The purified viral DNA from clinical sample was processed using the MGI platform for genome sequencing to generate sequence data, whereas the DNA from the first-generation porcine bone macrophage culture viral supernatant was used for Nanopore sequencing, which was performed according to the manufacturer's instructions. Library preparation was carried out using the Ligation Sequencing Kit (SQK-LSK109, Oxford Nanopore Technologies, UK) and Native Barcoding Expansion 1–12 (EXP-NBD104, Oxford Nanopore Technologies, UK). Subsequently, the library was loaded onto the R9.4.1 MinION flow cell chip (FLO-MIN106, Oxford Nanopore Technologies, UK) and sequenced. Base calling was performed using Guppy v2.1.3 (Oxford Nanopore Technologies, UK).
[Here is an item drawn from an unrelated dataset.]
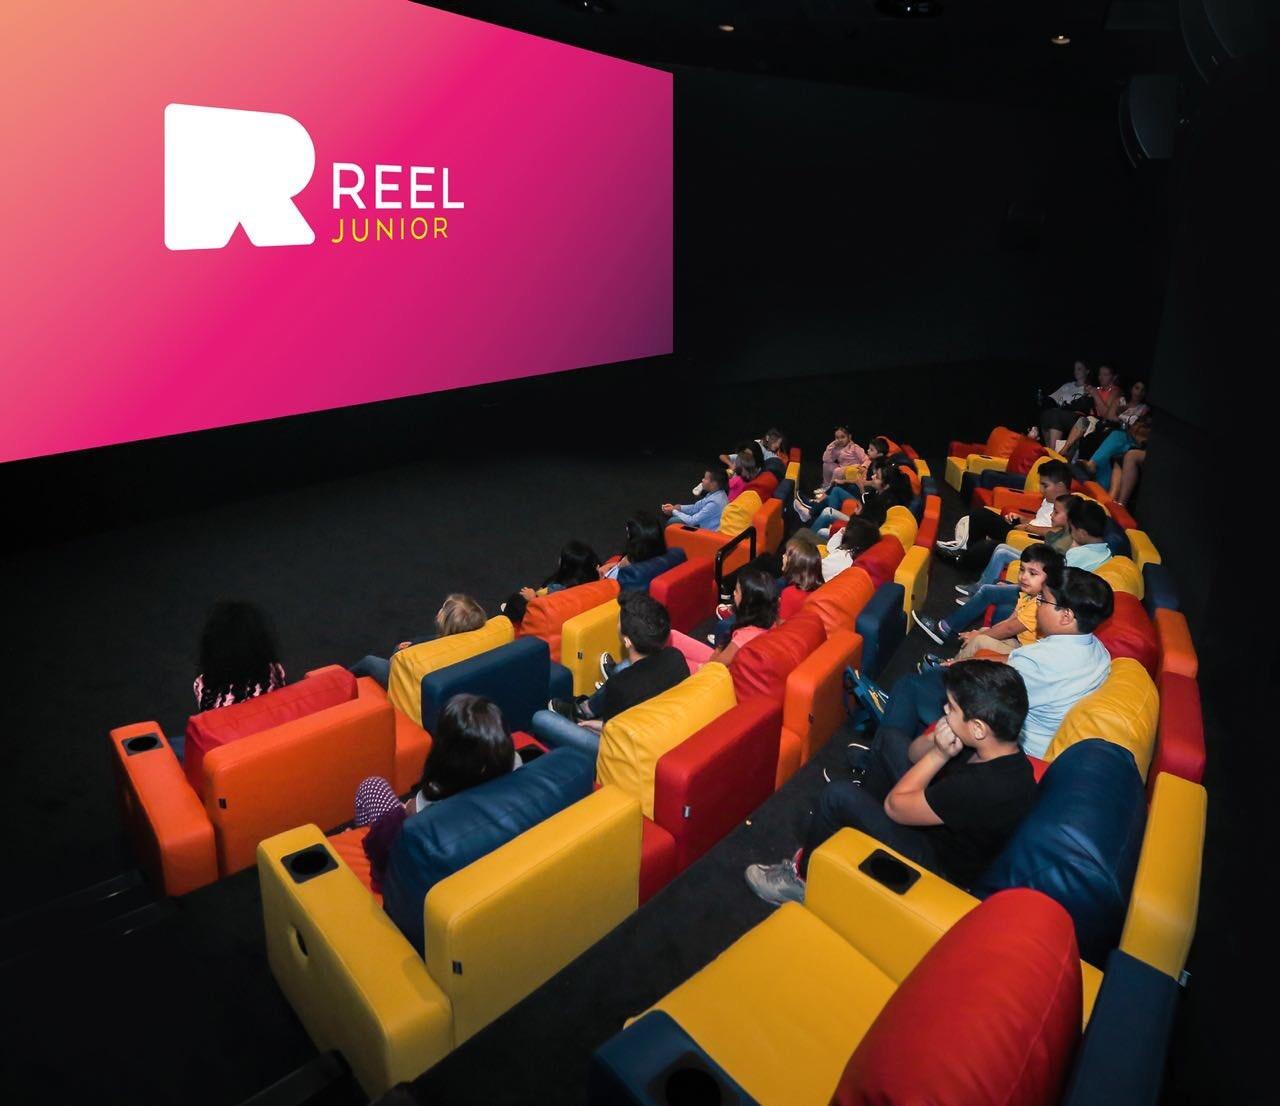 مجمع العرب سينما مول العرب
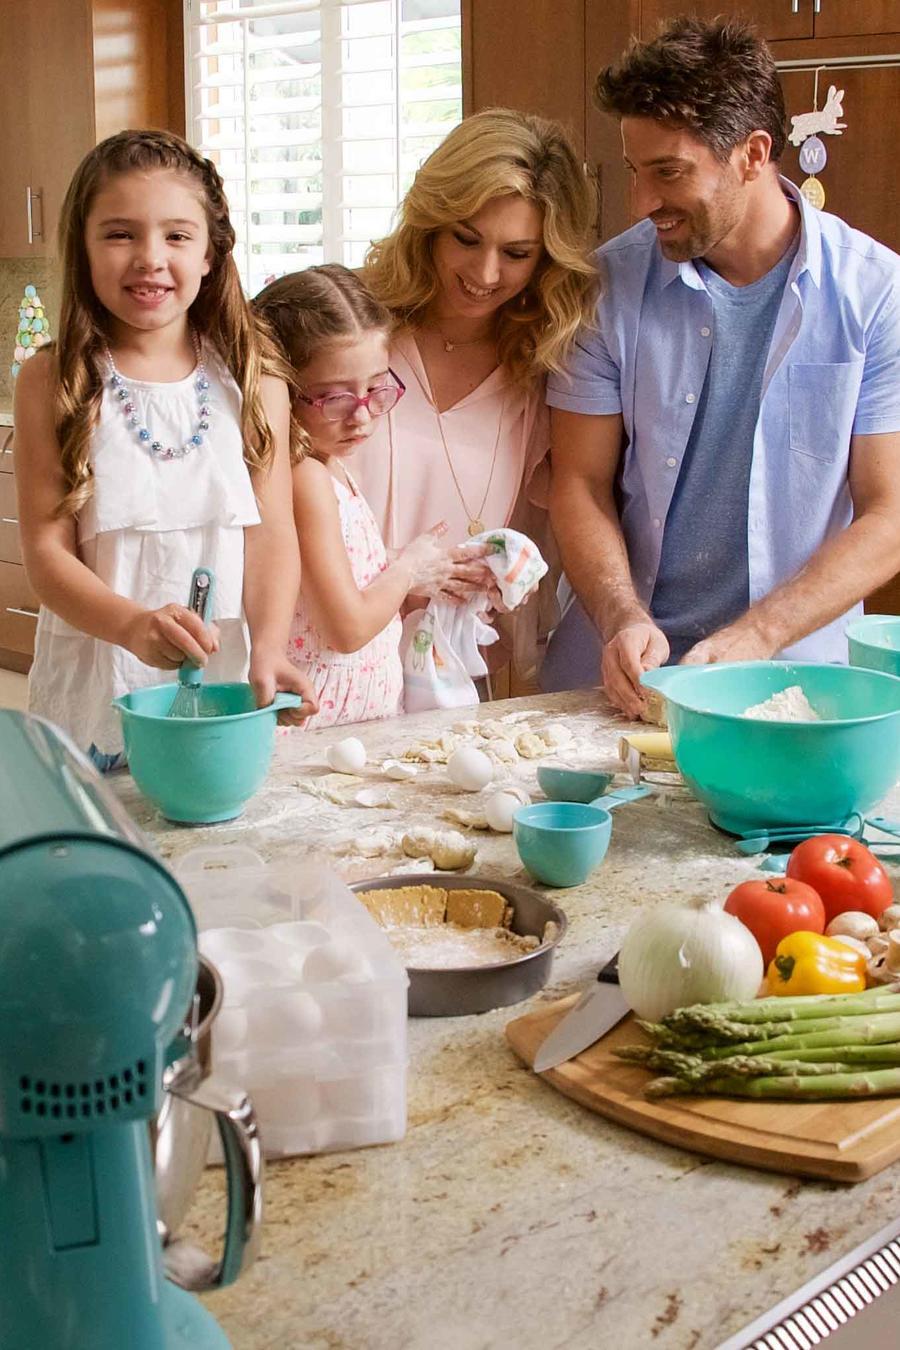 Familia reunida en la cocina

Analyses of sequencing reads

The data generated from the MGI platform were processed by removing adapter contamination and filtering using Trimmomatic v0.39 (16). Nanopore sequence data that had a quality value lower than Q20 were filtered using Fastp v0.20.1 (17). All filtered reads were hybrid-assembled using SPAdes v3.13.0 (18). The consensus sequence was subsequently generated from contigs, using iVar v1.3.1 (19). Subsequently, single nucleotide polymorphisms and indels were verified using bcftools v1.10.2 (20), and variants were validated by Sanger sequencing using clinical sample. Thereafter, genomic annotation was conducted using the Genome Annotation Transfer Utility (GATU) software; ASFV Georgia 2007/1 was used as the reference genome sequence (GenBank accession number: FR682468.2) (21).

Genomic sequence analysis

To explore the genomic characteristics, ASFV references for genotype II, from GenBank, were downloaded and aligned using Mafft v7.471 (Table 1) (22). Multiple sequence alignment was performed and visualized using the R packages, RColorBrewer, and ggplot2 (23, 24). Nanopore fast5 files were used to screen potentially methylated nucleotides using Tombo v1.5.1 (25). Andefault model of Tombo was automatically selected to detect 5mC and 6mA methylation modifications in the ASFV_GZ201801_2 genome, and it subsequently computed the corresponding scores.

Table 1.

Reference strains selected in this study.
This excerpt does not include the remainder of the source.